This is a simple recipe for creating a simple site which holds some docbook XML files in a container, and presents them in an index of document titles. When each title is clicked, the Norm Walsh docbook transforms and FOP are used to generate PDF on the fly. It also demonstrates a poor man's full text search using aggressive XPath indexing into RDF.
This recipe requires a release or CVS snapshot of 4Suite more recent than 29 October 2002. You will also need JDK. I used 1.4 for Linux and Windows.
First of all, download the minor ingredients (dbpdf-0.1.tar.gz). This package contains the files you need, except for the meat and potatoes, Norm Walsh's docbook stylesheets and FOP. I used docbook-xsl 1.52.2 and FOP 0.20.4.
First make sure that you have the 4Suite repository set up. The best way to be sure is to follow the directions in the Quick start and to be sure you set up a scratch server as suggested. Unpack dbpdf-0.1.tar.gz, change to the created directory, and unpack the docbook XSL package. Rename the docbook XSL directory (for example "docbook-xsl-1.52.2") to "docbook-xsl".
Make sure FOP is installed, and check the top-level parameters in view-as-pdf.xslt to be sure the paths are correct for running FOP from the script.
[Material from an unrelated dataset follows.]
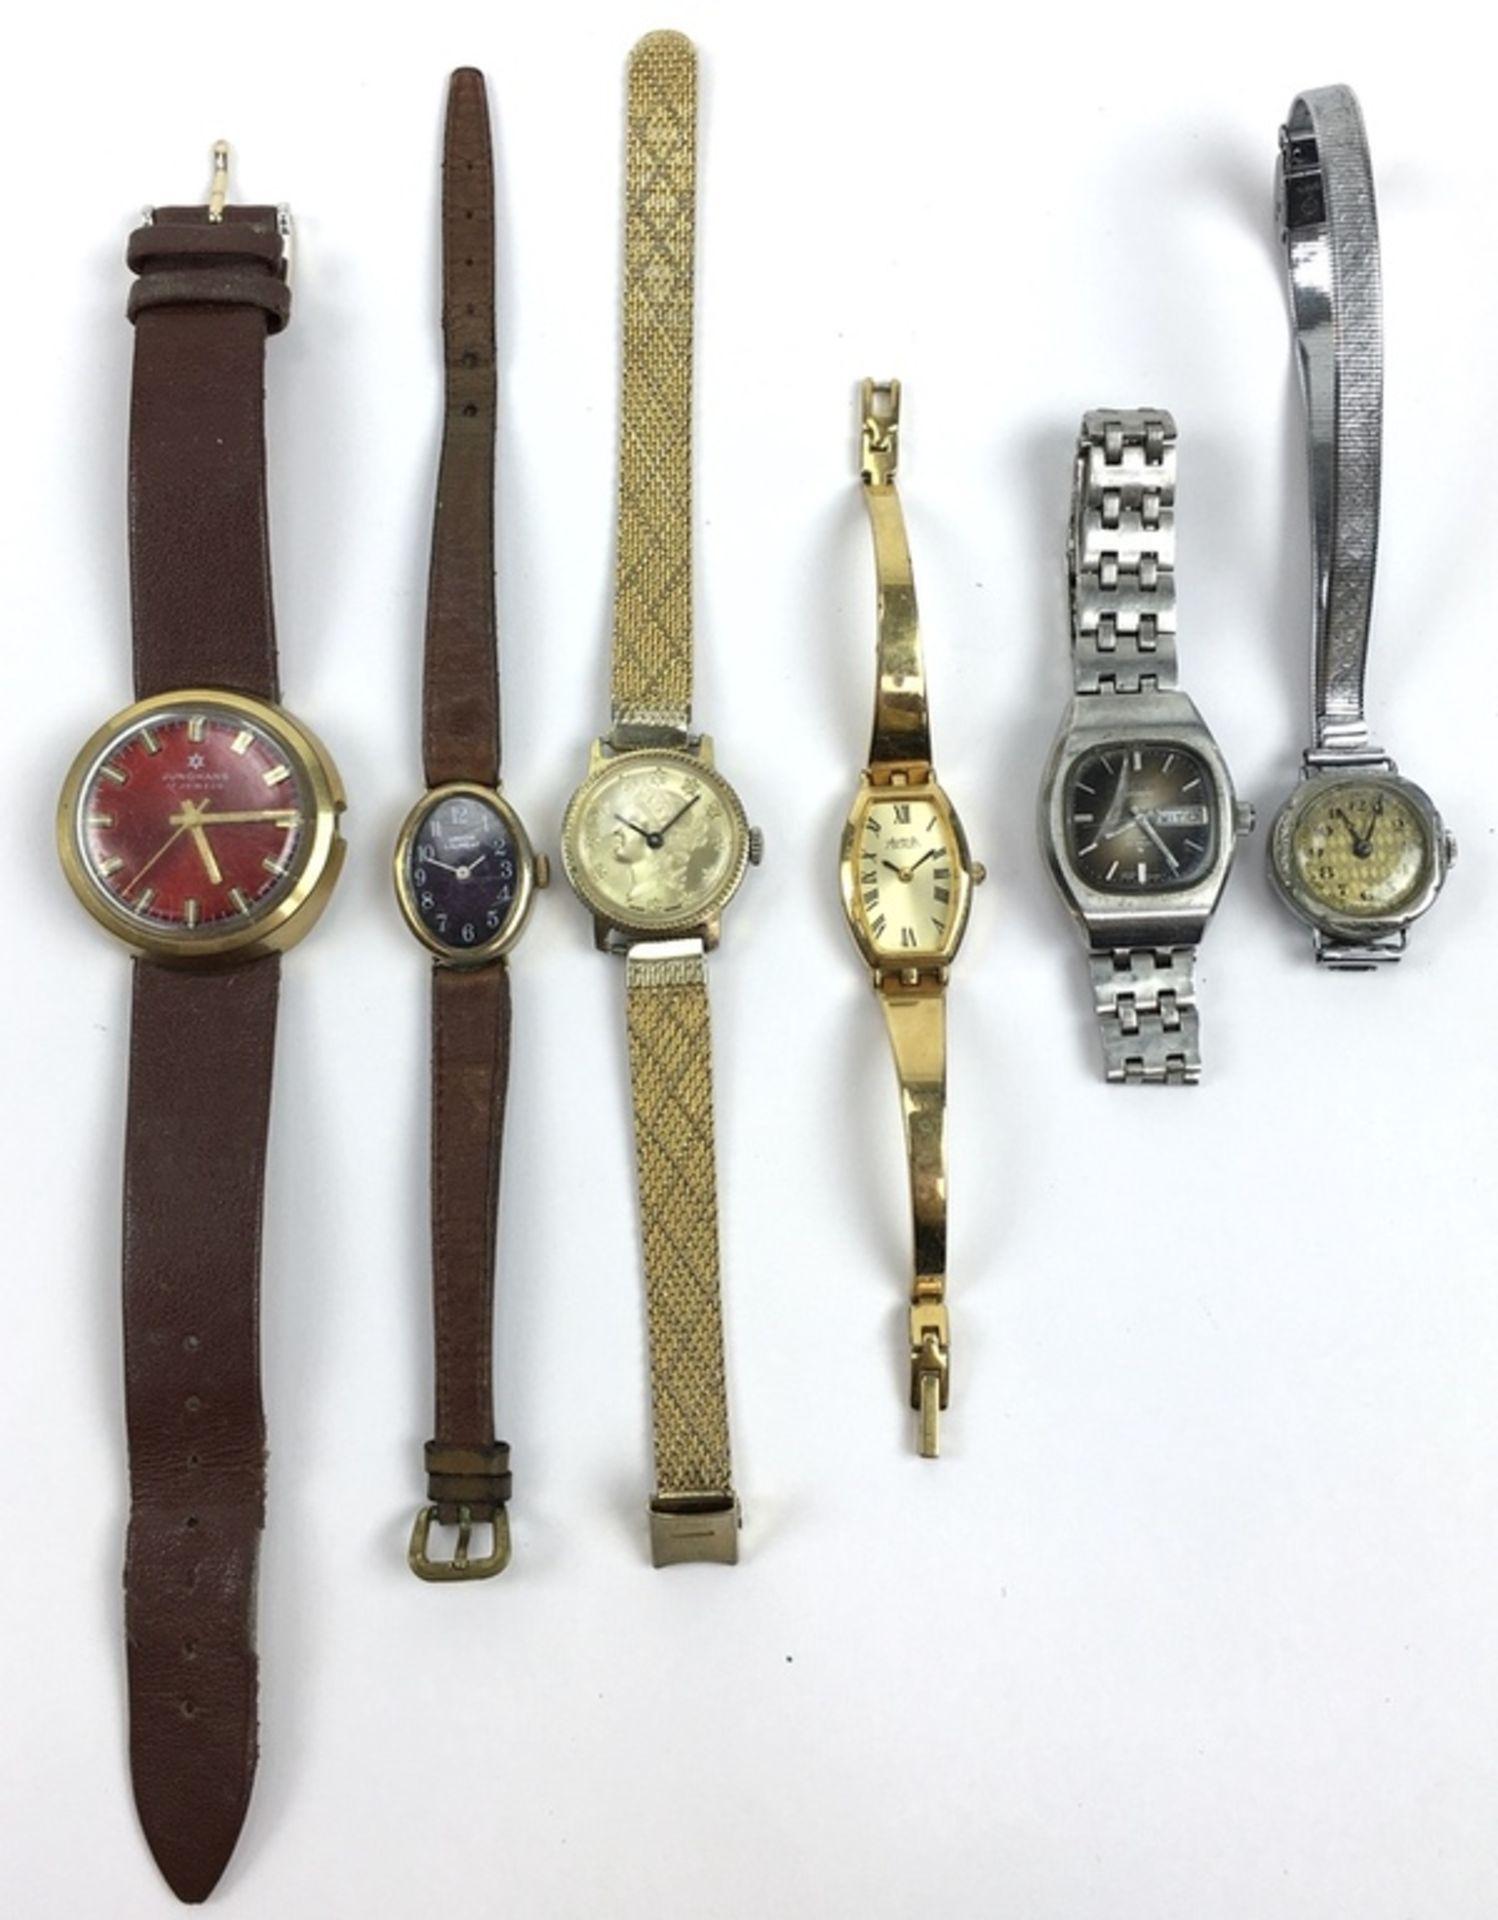 (Sieraden) HorlogesZes verschillende merken horloges, waaronder een Junghans. Conditie: Gebruik

Now make sure the repository is running and run the following commands to install all the scripts and data needed (including parts of the docbook XSL package):
4ss install setup1.xml 4ss install setup2.xml 4ss install setup3.xml
4Suite unfortunately has problems with the dependency tracking, which means for now that I had to create several separate setup.xml files.
Now, assuming your scratch server is running on port 8080, you can try out the meal on your server:
http://localhost:8080/dbpdf/?xslt
Some quick things to notice (I hope to fill out this section soon with more juicy detail):
- title-index.dd demonstrates a very rough approach to indexing. It indexes all title and para elements in the docbook in RDF using the http://uche.ogbuji.net/etc/021027/content RDF predicate.
- search-handler.xslt demonstrates the use of this index to drive a search engine of the docbook documents in the demo
- listing.xslt is a handy general template for XSLT scripts that operate on a container listing. Just import this script and define your own "handle-item" template.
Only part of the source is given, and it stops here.